== Material provided ==

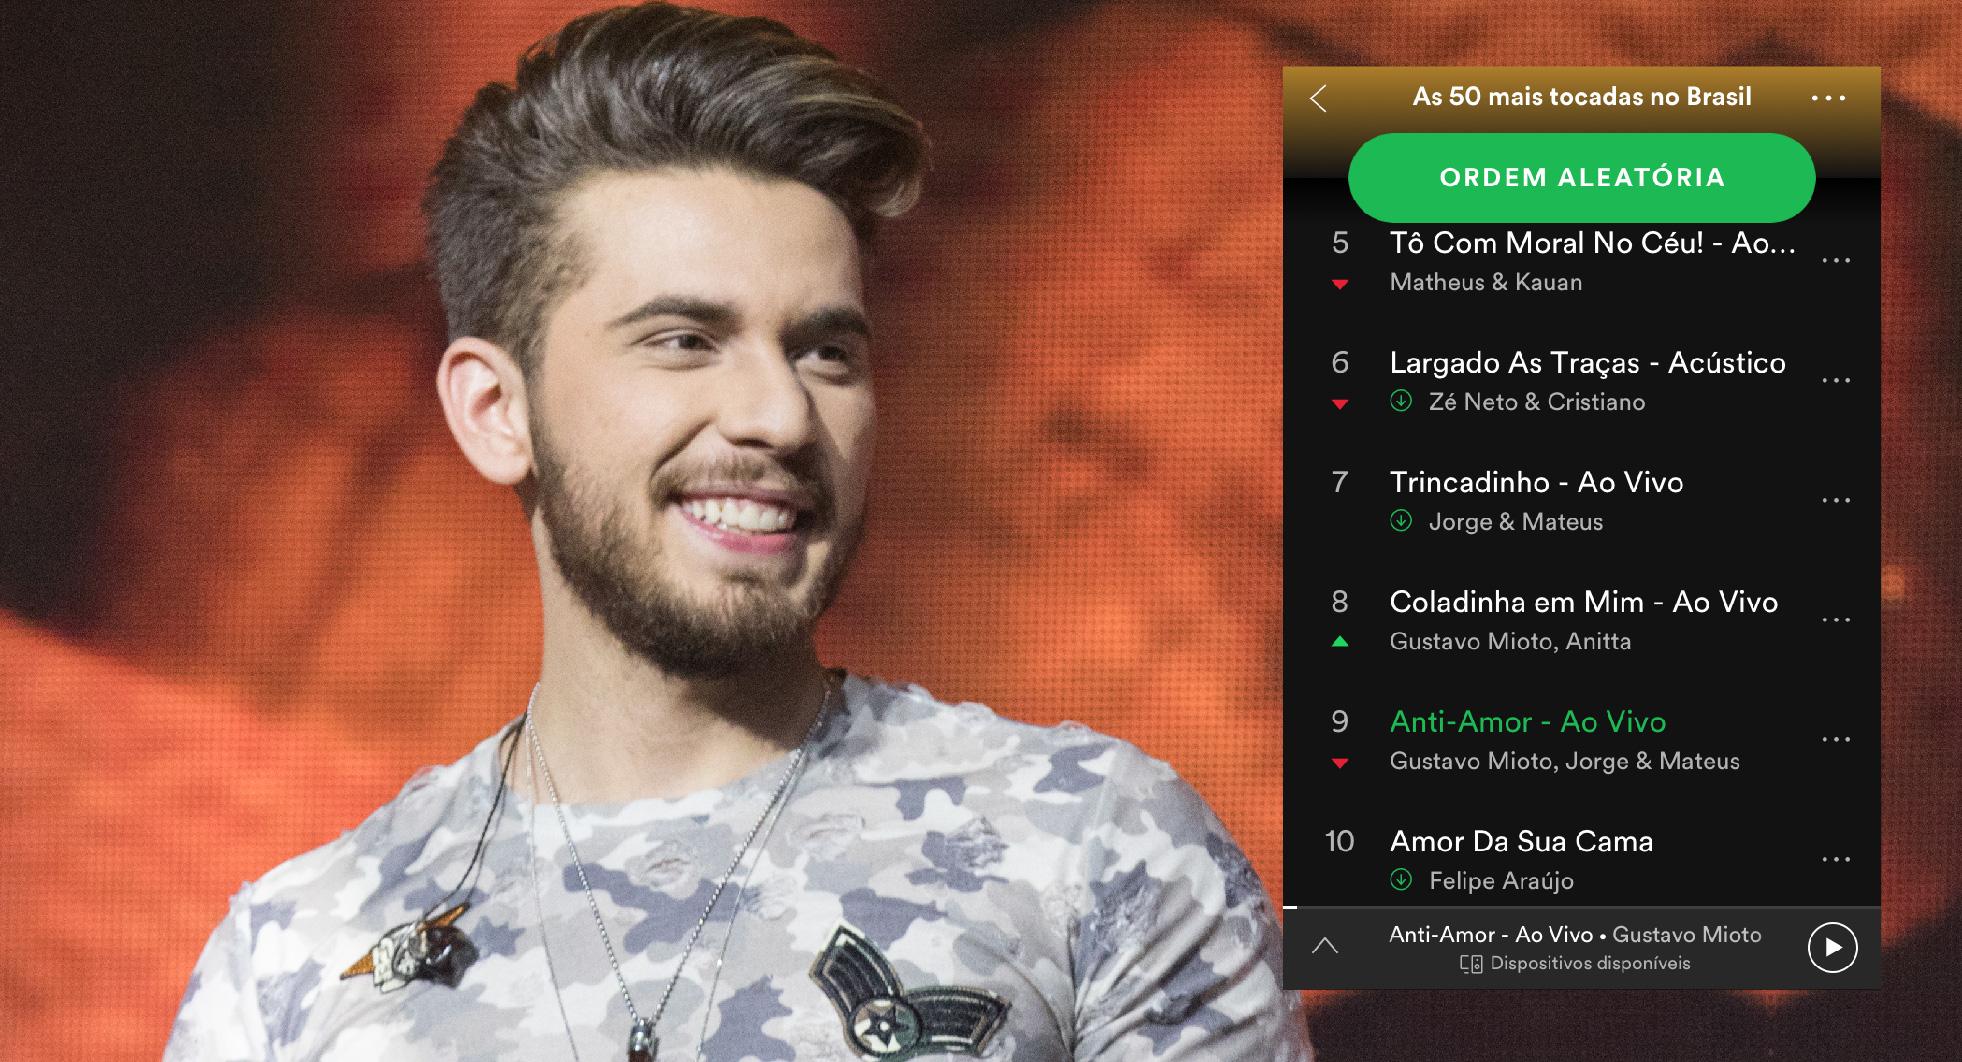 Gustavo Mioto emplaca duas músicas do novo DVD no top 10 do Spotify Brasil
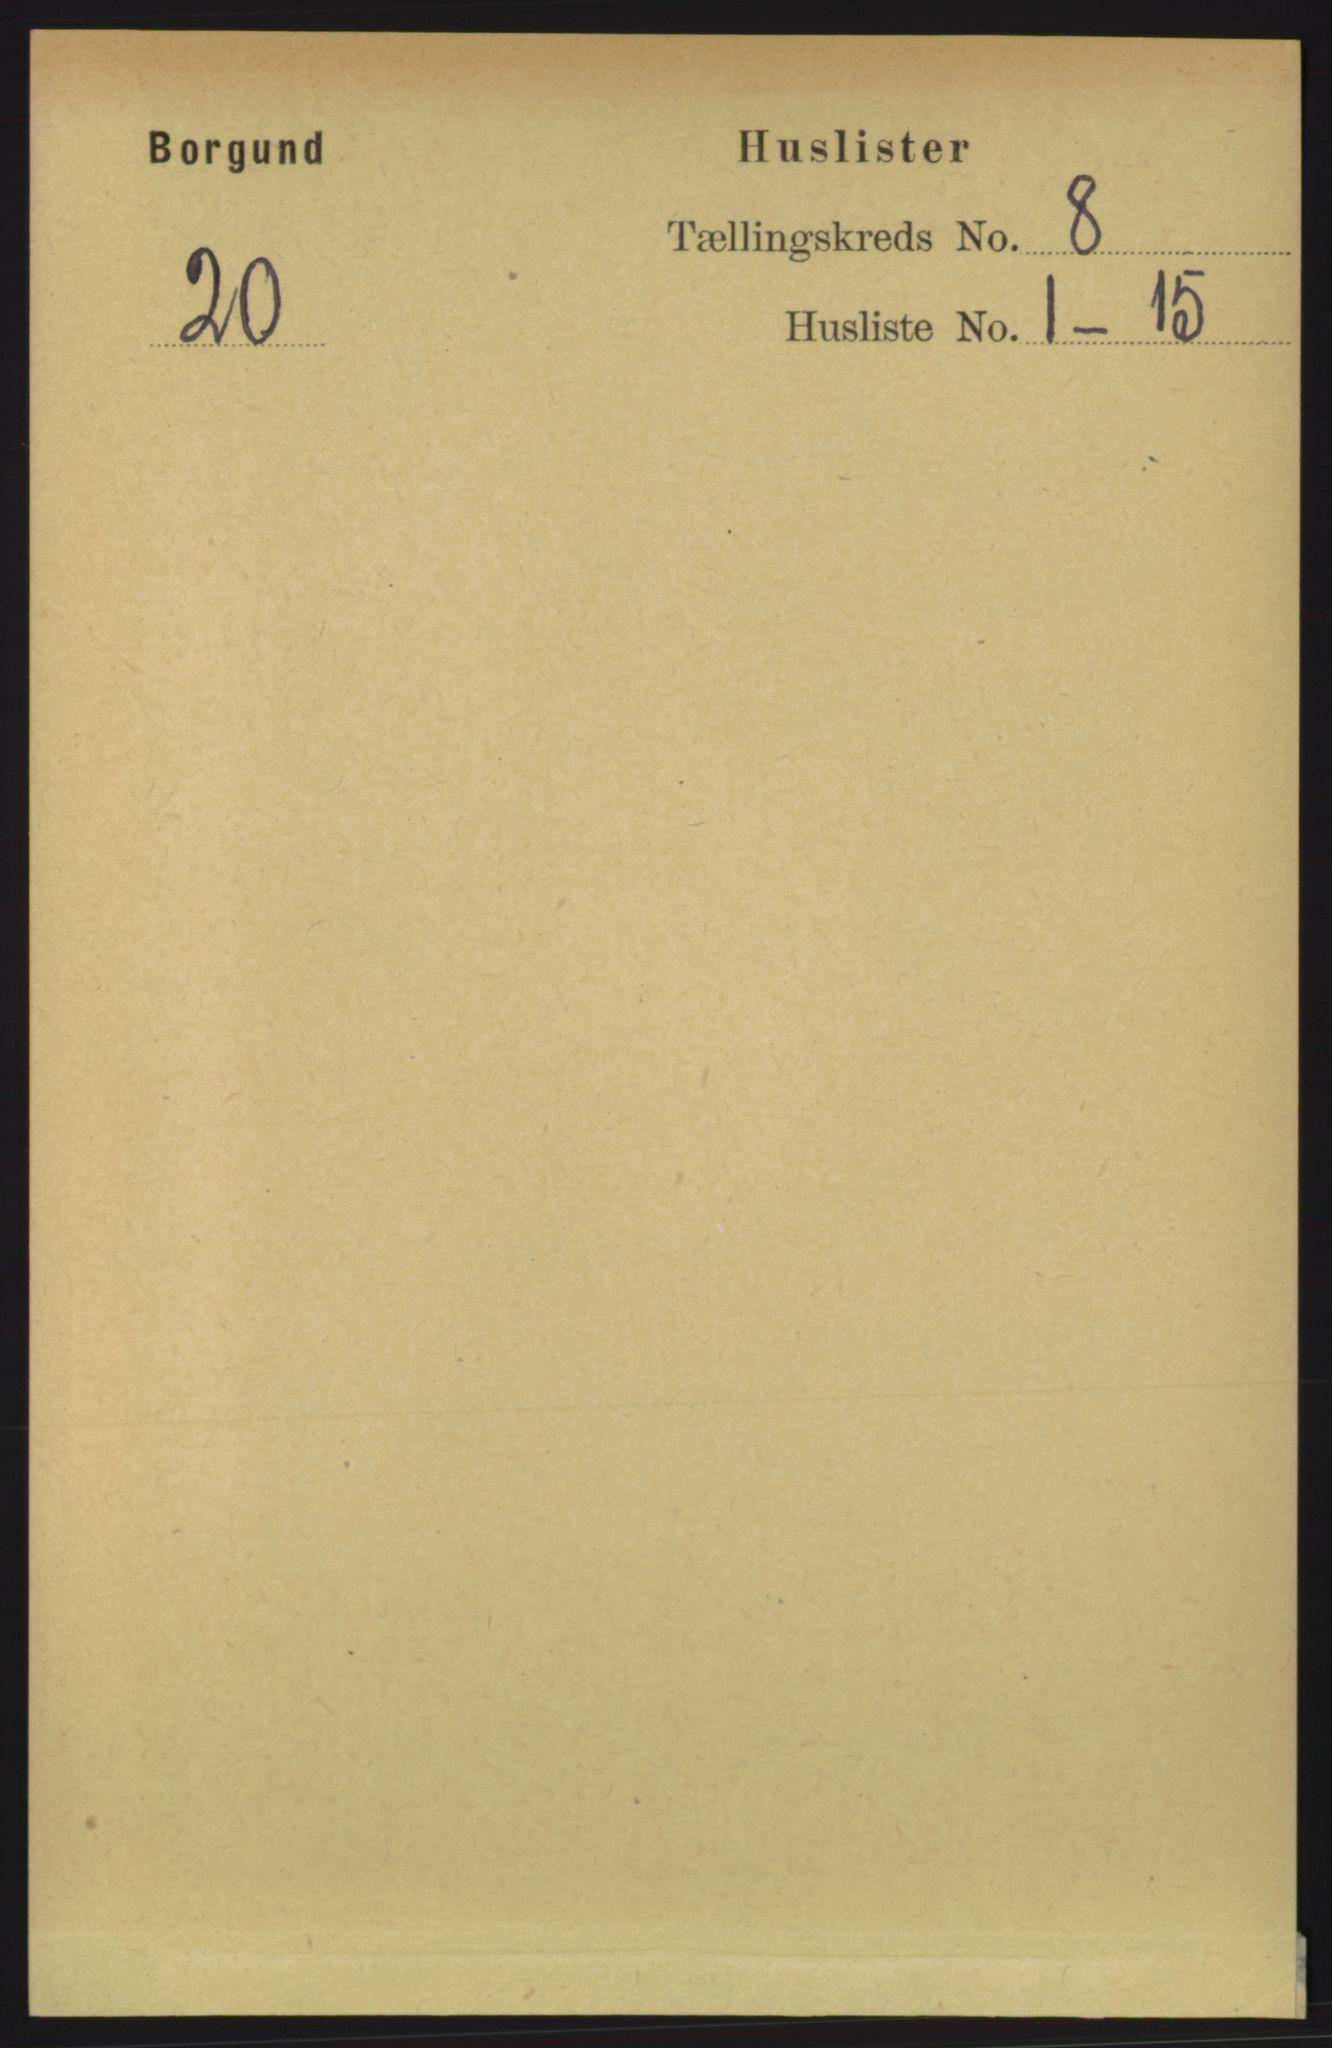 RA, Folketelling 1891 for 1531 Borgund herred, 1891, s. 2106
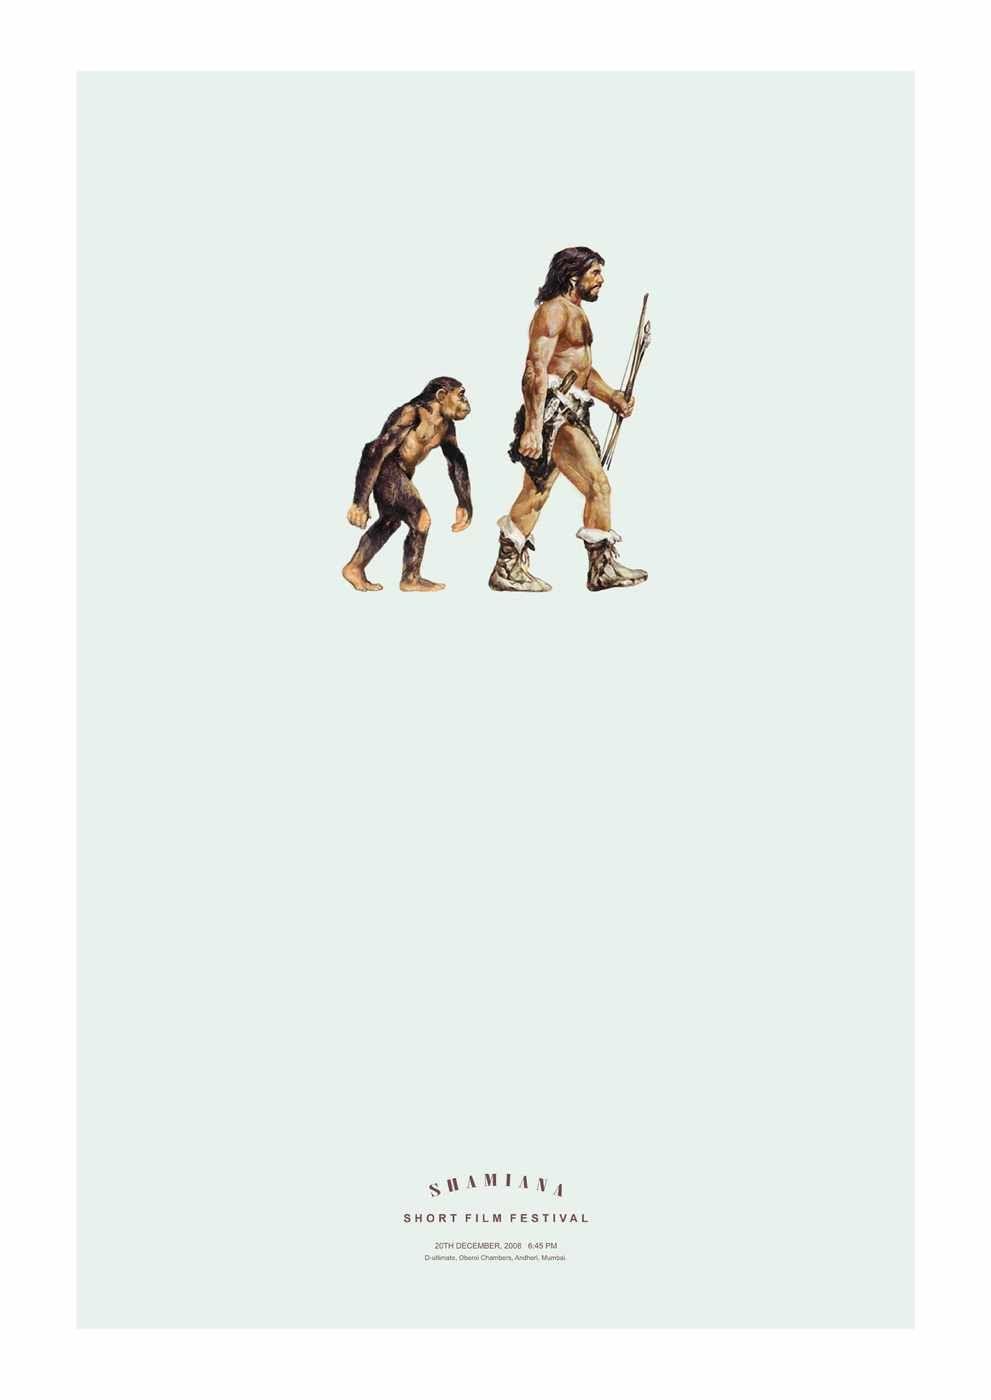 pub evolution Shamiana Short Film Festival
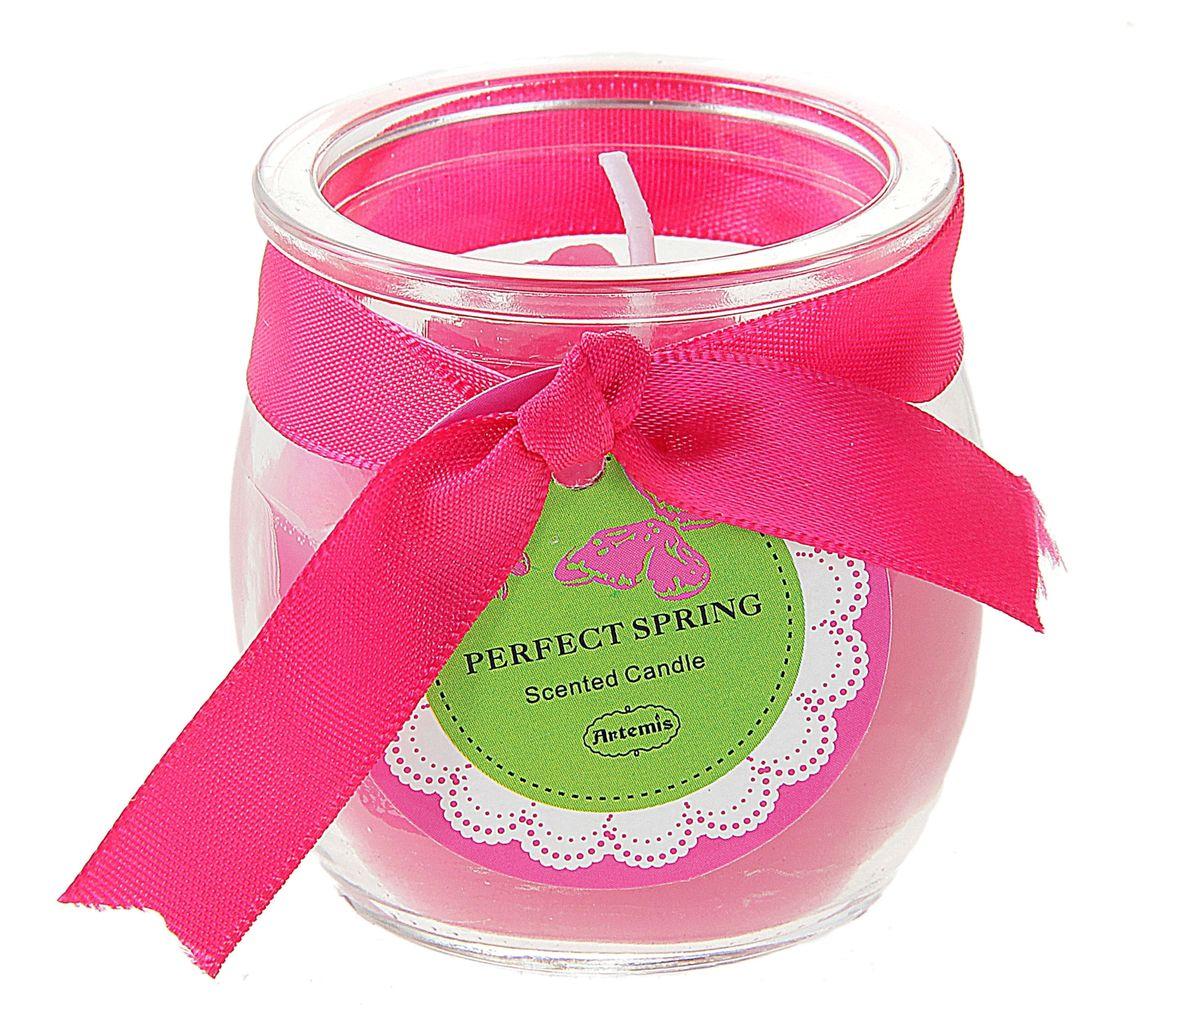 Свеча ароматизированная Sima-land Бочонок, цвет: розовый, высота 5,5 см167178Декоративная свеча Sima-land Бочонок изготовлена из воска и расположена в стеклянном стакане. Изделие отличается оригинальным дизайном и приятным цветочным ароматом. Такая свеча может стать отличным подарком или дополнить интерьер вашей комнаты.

== Exercise prompt ==
An exact copy of the listing above is to be set down, with no pictures in it.

== Written solution ==
 Gustavo Mioto emplaca duas músicas do novo DVD no top 10 do Spotify Brasil
 RA, Folketelling 1891 for 1531 Borgund herred, 1891, s. 2106
 pub evolution Shamiana Short Film Festival
 Свеча ароматизированная Sima-land Бочонок, цвет: розовый, высота 5,5 см167178Декоративная свеча Sima-land Бочонок изготовлена из воска и расположена в стеклянном стакане. Изделие отличается оригинальным дизайном и приятным цветочным ароматом. Такая свеча может стать отличным подарком или дополнить интерьер вашей комнаты.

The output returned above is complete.